Supplied material =

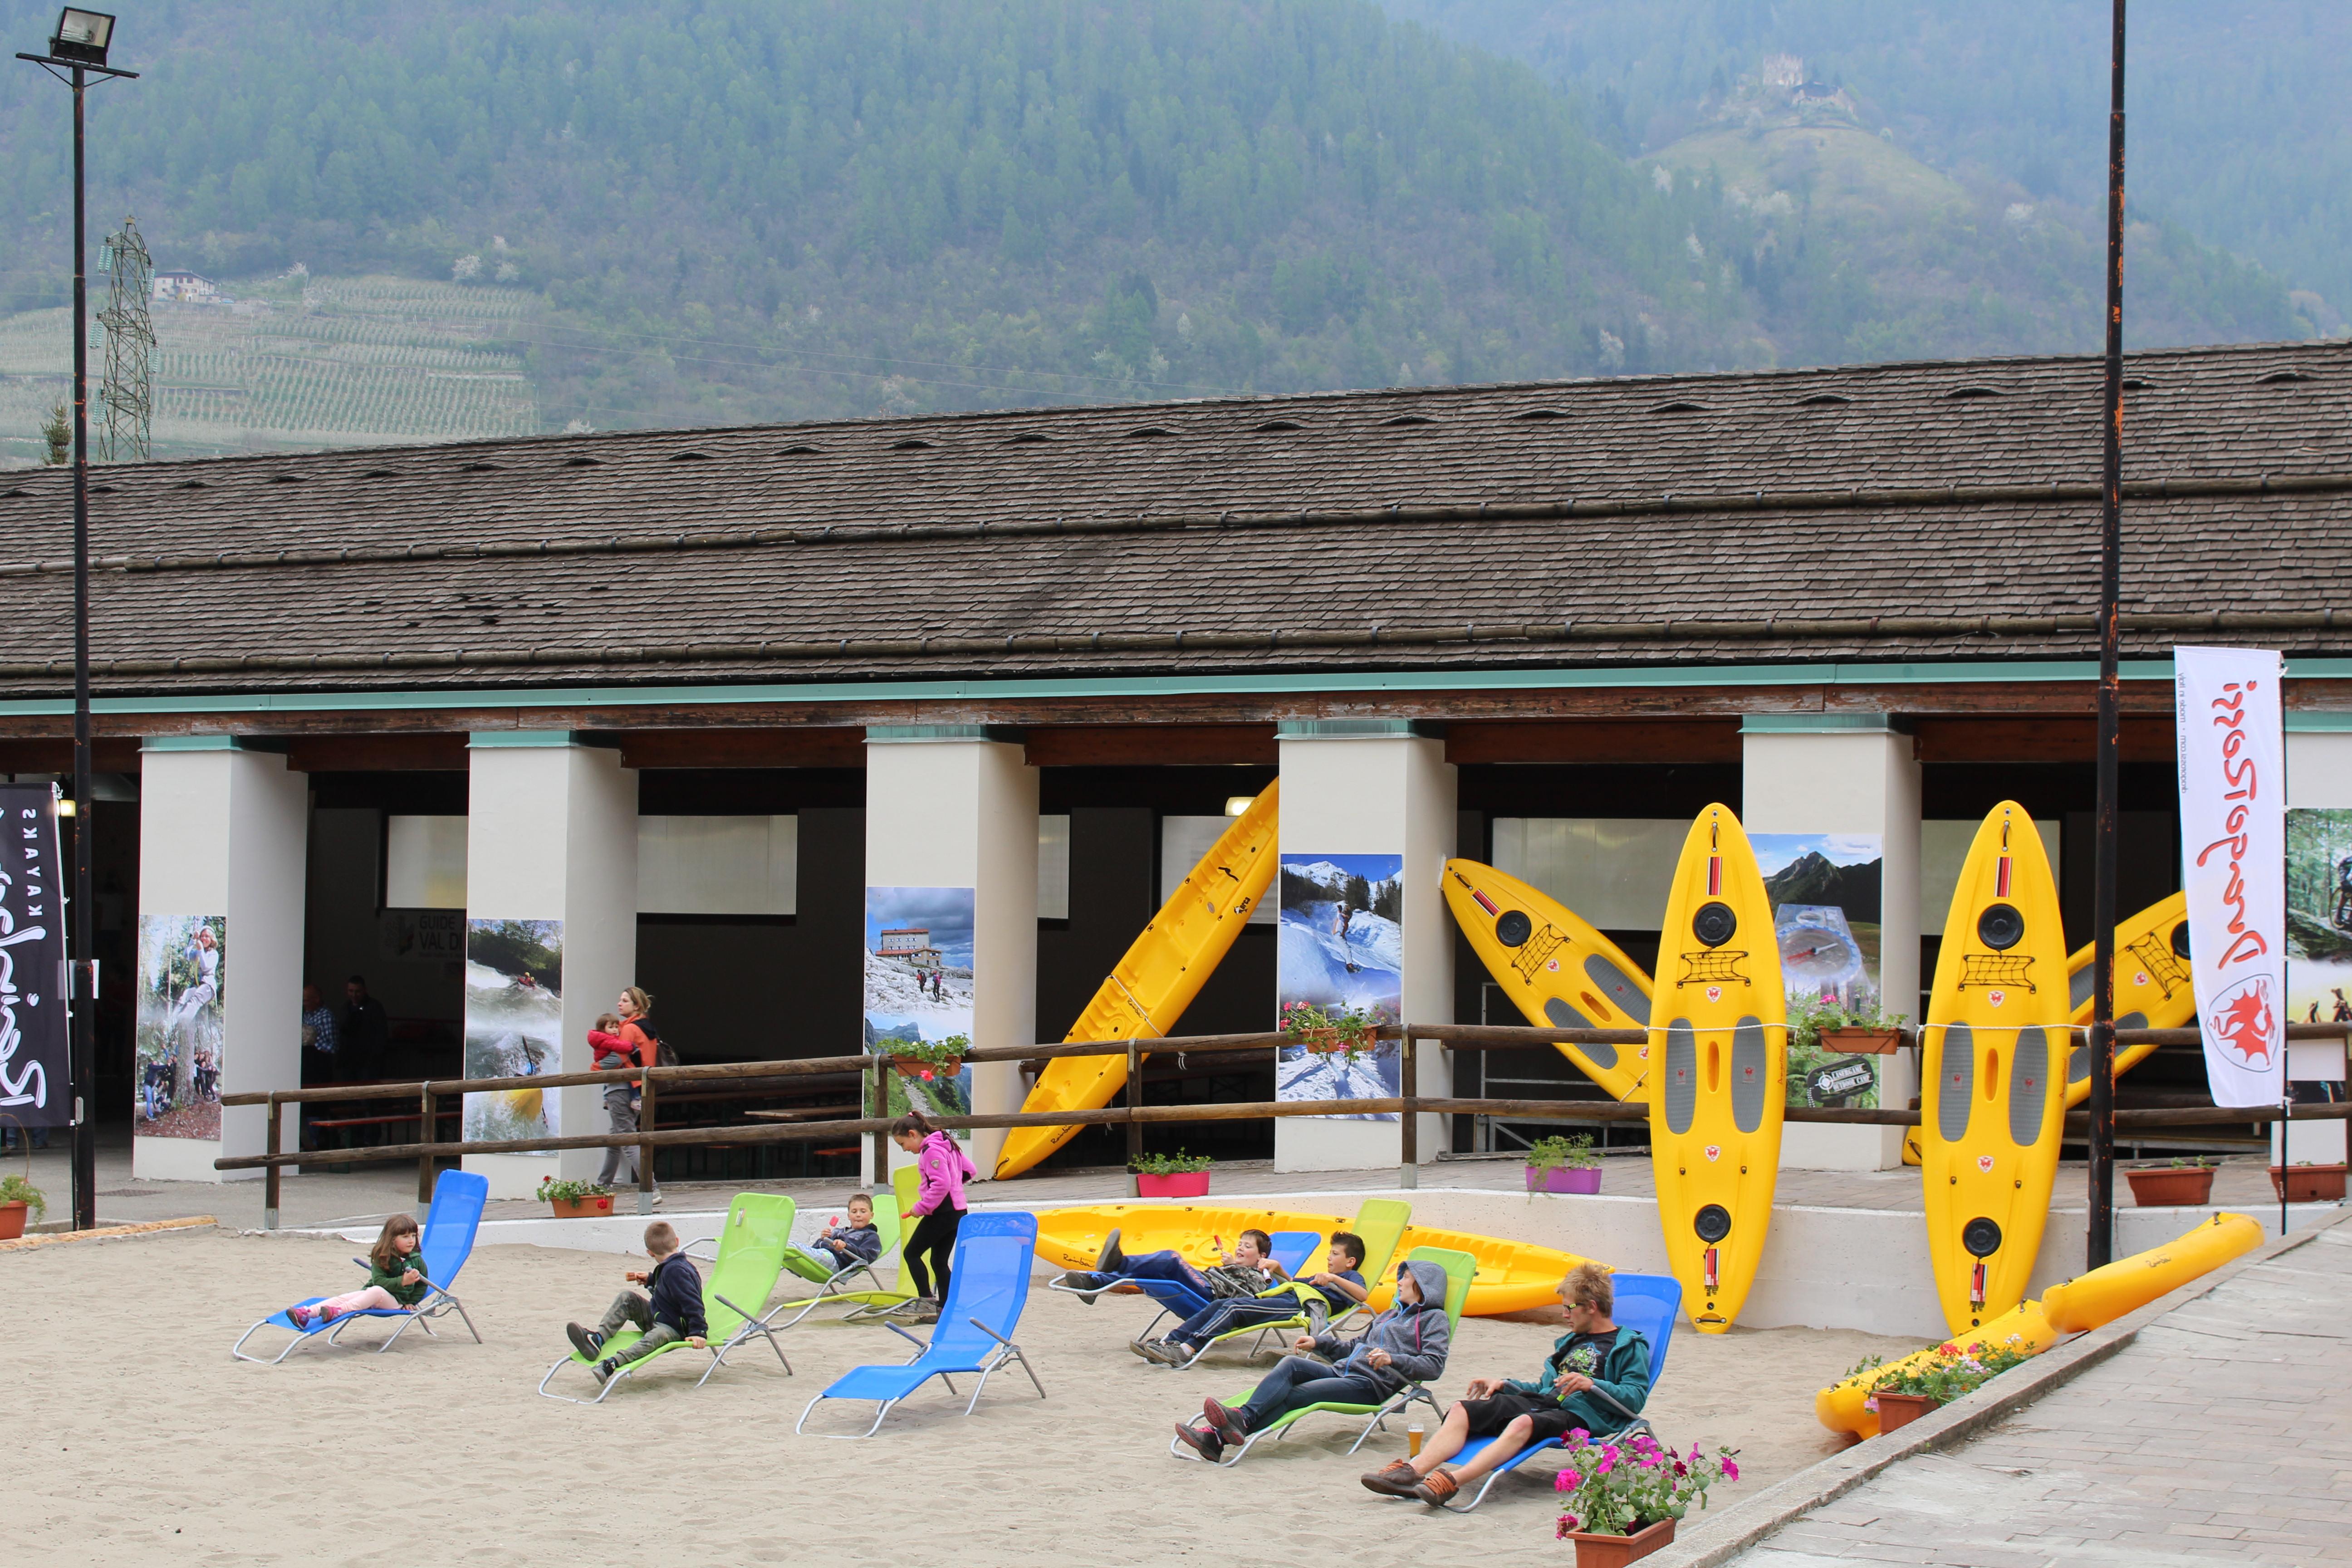 Trentino wild village
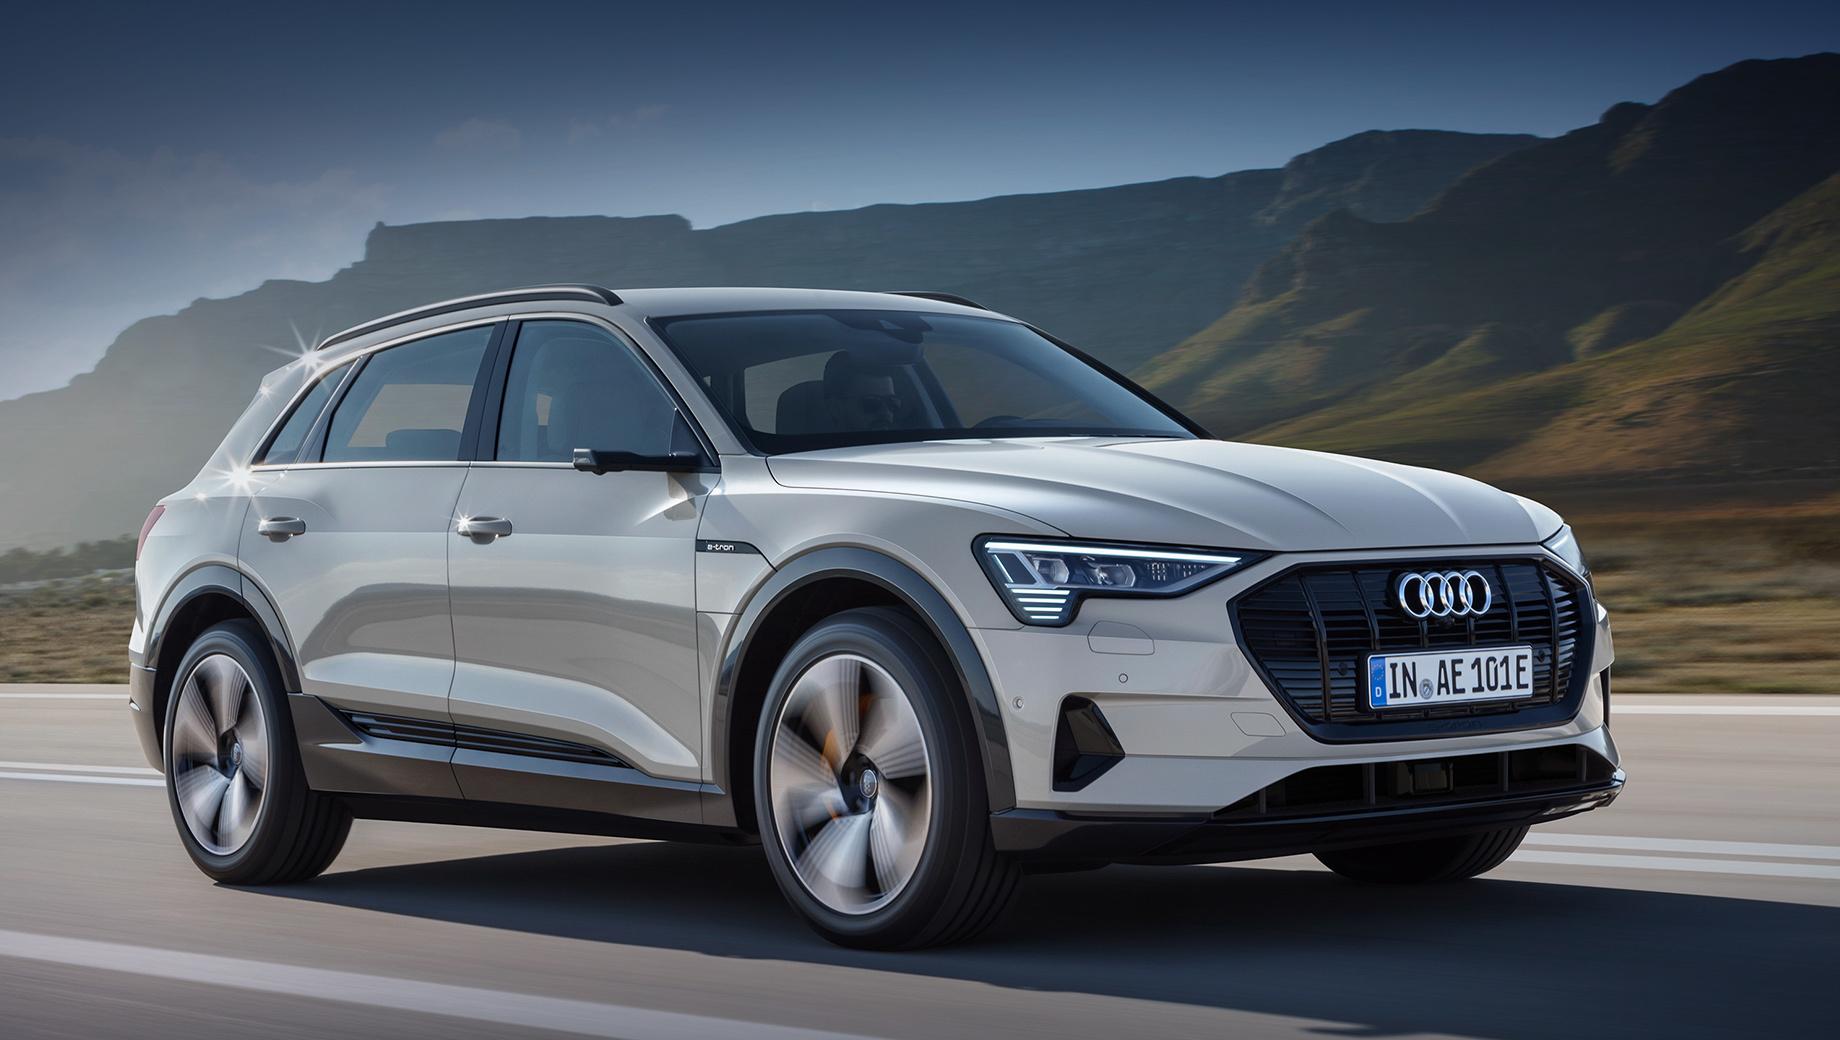 Audi e-tron. Хотя продажи электромобилей в России растут, батарейных кроссоверов — раз (Jaguar I-Pace) и обчёлся. Вроде собирался приехать Mercedes-Benz EQC, но о нём давненько ничего не слышно.
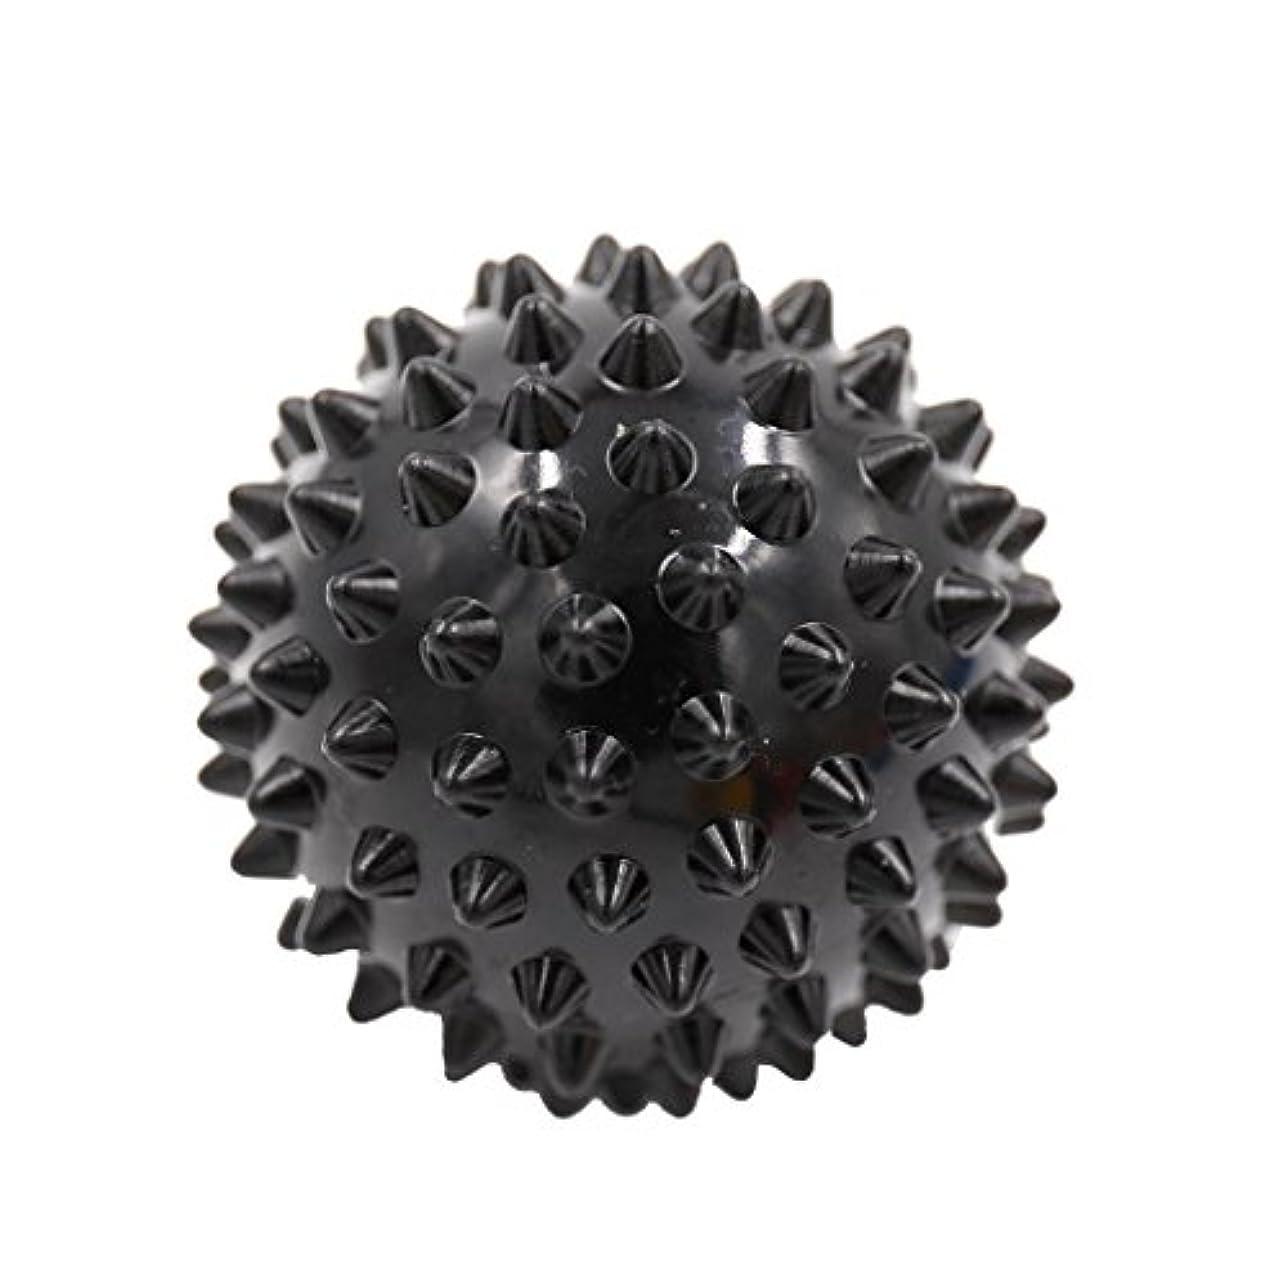 素晴らしい良い多くの類似性献身Baosity マッサージボール マッサージ器 ボディ  スパイク マッサージ 刺激ボール 3色選べ - ブラック

Your instructions = Please reprint the whole listing exactly and omit its pictures.

Response to this exercise =
 Trentino wild village
 Audi e-tron. Хотя продажи электромобилей в России растут, батарейных кроссоверов — раз (Jaguar I-Pace) и обчёлся. Вроде собирался приехать Mercedes-Benz EQC, но о нём давненько ничего не слышно.
 素晴らしい良い多くの類似性献身Baosity マッサージボール マッサージ器 ボディ  スパイク マッサージ 刺激ボール 3色選べ - ブラック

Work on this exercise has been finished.